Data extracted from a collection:
▬▬▬▬▬▬▬▬▬▬

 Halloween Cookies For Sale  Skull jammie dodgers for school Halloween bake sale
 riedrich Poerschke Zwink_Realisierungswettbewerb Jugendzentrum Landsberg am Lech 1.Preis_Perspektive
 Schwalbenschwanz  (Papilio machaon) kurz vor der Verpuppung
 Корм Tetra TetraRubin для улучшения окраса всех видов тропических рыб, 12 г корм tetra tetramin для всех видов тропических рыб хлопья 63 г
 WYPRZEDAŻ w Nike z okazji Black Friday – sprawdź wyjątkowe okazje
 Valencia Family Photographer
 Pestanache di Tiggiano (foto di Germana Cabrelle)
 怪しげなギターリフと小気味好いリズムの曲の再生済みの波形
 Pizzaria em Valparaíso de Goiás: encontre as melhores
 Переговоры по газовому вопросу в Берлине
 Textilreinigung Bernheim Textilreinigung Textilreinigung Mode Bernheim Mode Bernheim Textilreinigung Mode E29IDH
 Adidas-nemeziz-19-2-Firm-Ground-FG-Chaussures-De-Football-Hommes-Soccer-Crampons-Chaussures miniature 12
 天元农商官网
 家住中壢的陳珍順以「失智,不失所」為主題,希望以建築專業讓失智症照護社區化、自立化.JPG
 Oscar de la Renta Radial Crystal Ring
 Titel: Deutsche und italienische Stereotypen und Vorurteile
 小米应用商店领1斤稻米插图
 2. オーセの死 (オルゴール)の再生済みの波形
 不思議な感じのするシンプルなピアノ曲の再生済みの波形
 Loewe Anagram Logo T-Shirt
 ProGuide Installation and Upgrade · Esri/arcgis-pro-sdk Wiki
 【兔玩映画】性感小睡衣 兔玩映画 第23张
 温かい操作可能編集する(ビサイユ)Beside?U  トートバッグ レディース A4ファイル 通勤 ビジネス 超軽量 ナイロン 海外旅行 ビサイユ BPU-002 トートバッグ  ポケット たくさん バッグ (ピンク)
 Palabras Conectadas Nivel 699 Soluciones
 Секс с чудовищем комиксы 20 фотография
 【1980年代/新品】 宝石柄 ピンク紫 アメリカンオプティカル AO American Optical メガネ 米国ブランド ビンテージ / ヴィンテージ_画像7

▬▬▬▬▬▬▬▬▬▬

Exact copies of the line containing "たくさん バッグ (ピンク)" and of every line after it through the end of the entries are all that should be output.

 温かい操作可能編集する(ビサイユ)Beside?U  トートバッグ レディース A4ファイル 通勤 ビジネス 超軽量 ナイロン 海外旅行 ビサイユ BPU-002 トートバッグ  ポケット たくさん バッグ (ピンク)
 Palabras Conectadas Nivel 699 Soluciones
 Секс с чудовищем комиксы 20 фотография
 【1980年代/新品】 宝石柄 ピンク紫 アメリカンオプティカル AO American Optical メガネ 米国ブランド ビンテージ / ヴィンテージ_画像7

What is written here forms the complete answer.